As both a surgical oncologist and researcher at NewYork-Presbyterian and Weill Cornell Medicine, Rohit Chandwani, MD, PhD, meshes his scientific expertise with his experiences in the operating room to improve outcomes for patients with pancreatic cancer and broaden scientific understanding of the disease. While much remains unknown about the mechanisms behind this aggressive cancer, Dr. Chandwani and his team have found answers to questions about the relationship between inflammation, genetic mutation in the development of pancreatic cancer.
Dr. Chandwani and his colleagues recently published a paper seeking to define the biological basis for early-stage pancreatic cancer, and discovered that this group of patients are enriched for a specific mutation in KRAS at G12R. Comparing the outcomes of patients with KRASG12R mutant tumors to that of patients with KRASG12D mutant tumors, the authors demonstrated that different mutations in KRAS yield different clinical outcomes. Additionally, the team published research in December 2023 on epigenetic memory, discovering that long after having pancreatitis, mice remained susceptible to oncogenic stress.

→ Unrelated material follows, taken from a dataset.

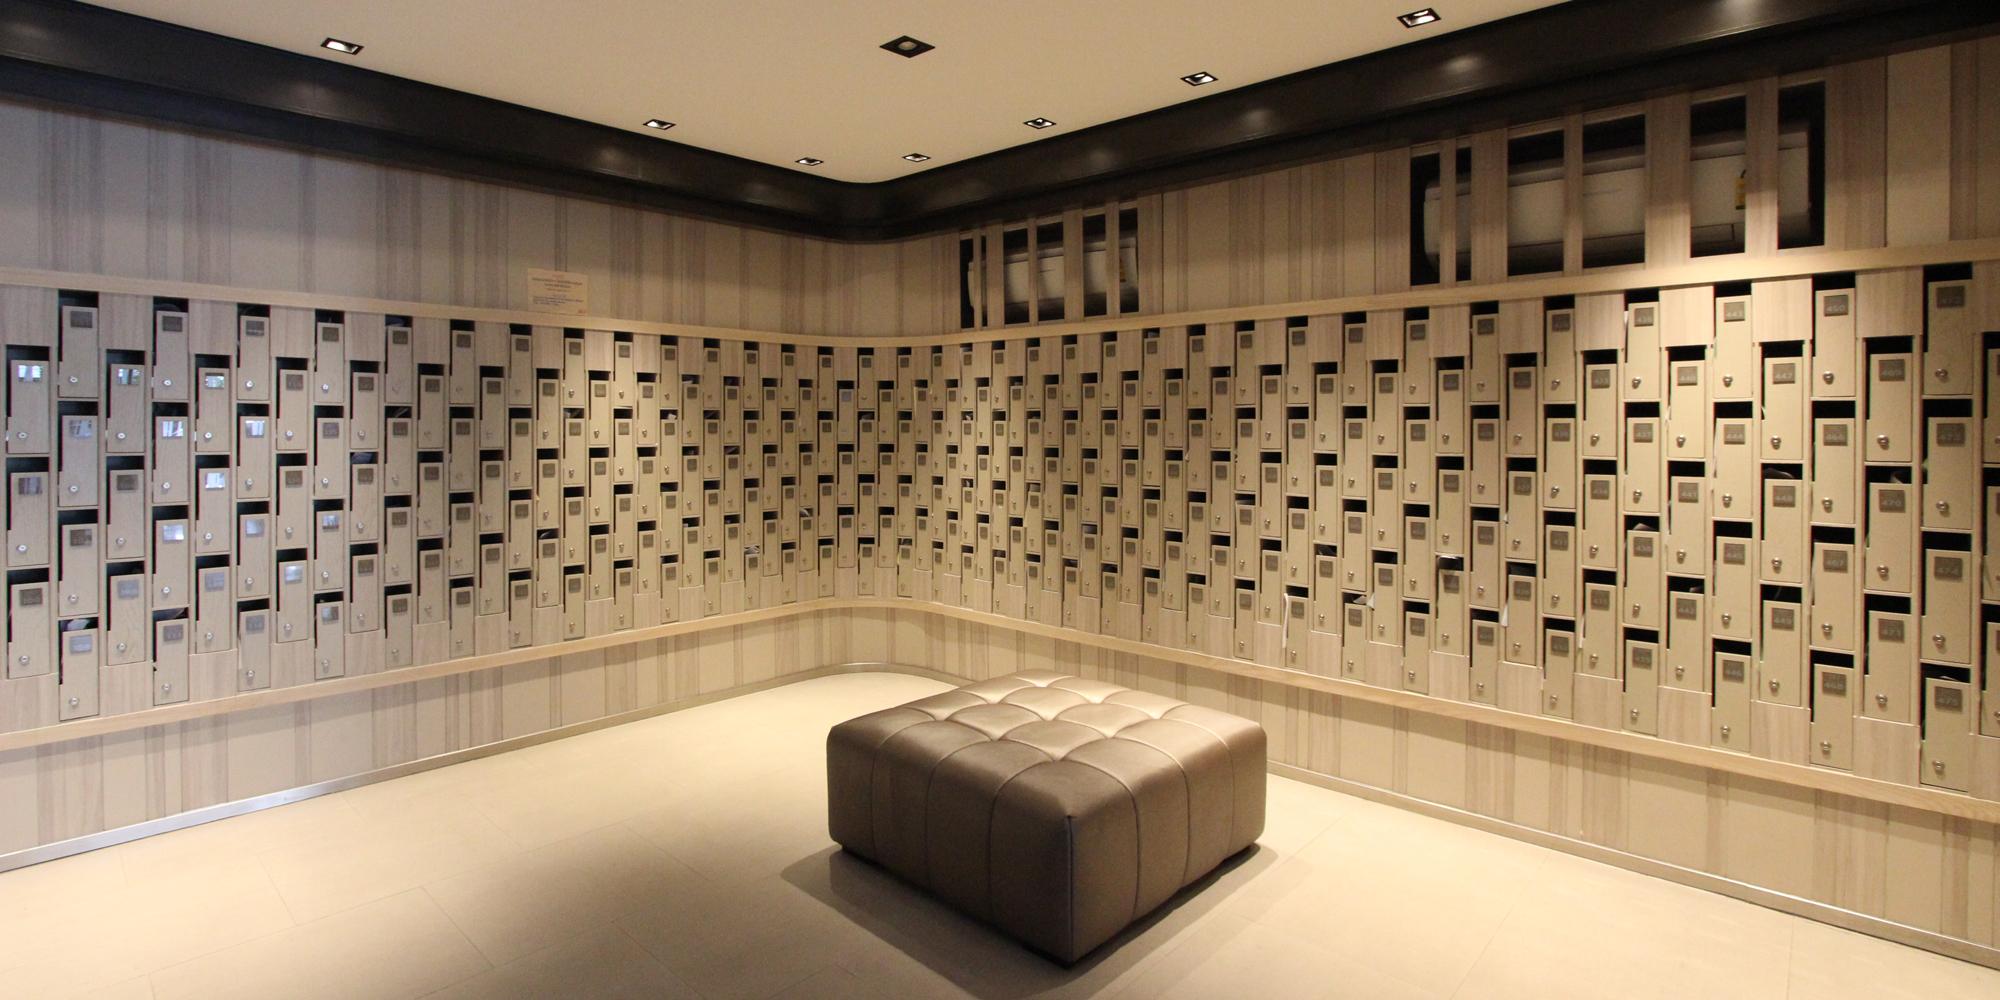 ให้เช่าคอนโด เซ็นทริค ห้วยขวาง พื้นที่ 50 ตร.เมตร ชั้น 29 2 ห้องนอน พร้อมเข้าอยู่

Below, Dr. Chandwani discusses how this research is shedding light on why pancreatic tumors develop and his future work to improve treatment and prevention.
What was your motivation for conducting this research?
We've been trying to understand for a long time why some people get cancer, and others don't. We now know that up to 40% of us are walking around with mutations in KRAS in our pancreas, which is instrumental to the initiation and maintenance of pancreatic cancer. Yet clearly, the vast majority of that 40% of us are never going to develop pancreatic cancer.
We’ve known for a long time that the presence of a mutation in KRAS alone is not sufficient to transform a normal cell, that you require an additional insult. We think it is frequently inflammation, or pancreatitis. But the majority of patients who develop pancreatic cancer never had pancreatitis, so how is it that they come to acquire this instrumental risk factor?
What were your findings?
My team recently discovered that even transient inflammation has durable effects, and that you can separate an inflammatory insult from turning on a cancer-initiating mutation by a large amount of time — about three months in a mouse, or the equivalent of about five years in a human.
We trace this cooperativity between the two insults molecularly to the fact that when there is a transient inflammatory insult, the lasting molecular changes never go away. We retain what we call a memory of that inflammation, and that memory is encoded in the epigenome, which is the context in which DNA resides.
That memory of inflammation is what continues to lower the threshold for tumor formation over many months in the mouse, and we suspect this translates to many years in humans. What's exciting about this is not simply that you can separate these two critical factors in time, but now we can start to think about how to reverse that elevated risk in the therapeutic window that's offered by this several year period.
We showed in proof-of-principle studies that you could do this in a mouse: When mice would undergo a transient inflammatory insult, we could then reverse the effect on facilitating tumor growth by inhibiting some of the lasting molecular changes that happened after the original injury. This is unveiling a potential new cancer prevention strategy because all of us don't just respond in real time to exogenous insults or environmental stressors. We retain a durable capacity to remember that initial insult should we ever face it again.
What are the implications for humans based on your findings in mice?
We already know that people who have an episode of acute pancreatitis today have a persistent risk of developing pancreatic cancer that lasts five to 10 years, even though they fully recover from the acute illness. Though we knew they were at an elevated risk, until now, we didn't know exactly what to look for, because the sequelae of that episode of acute pancreatitis are not really detectable in any biopsy or imaging study.
Our work in mice suggests that the sequelae could be found through more in-depth molecular analysis of the pancreas. We’re now trying to extend this work into humans by using tissue from patients who have undergone total pancreatectomy to understand if this durable risk of developing cancer can in fact be detected through simple means in their pancreatectomy specimens.
What does the future look like for pancreatic cancer research?
We’re increasingly trying to answer some of these fundamental questions about why some people get cancer, and why some people fare better than others when they do get it. How can we modulate not only the risk of developing cancer, but change the trajectory of patients who become diagnosed with cancer?
It’s important to emphasize that, while we seek answers to those questions, there is progress being made. Our insights are deepening, and treatments are changing — in fact, there’s a critical set of drugs that are new therapeutic options that are becoming available now and in the next year or two. As both a physician and a scientist, I am able to see the broader landscape and to understand that while there is importance to what we can do now and to taking a wider look and understanding that things are constantly evolving and changing. I am hopeful for what the future will bring for patients with pancreatic cancer.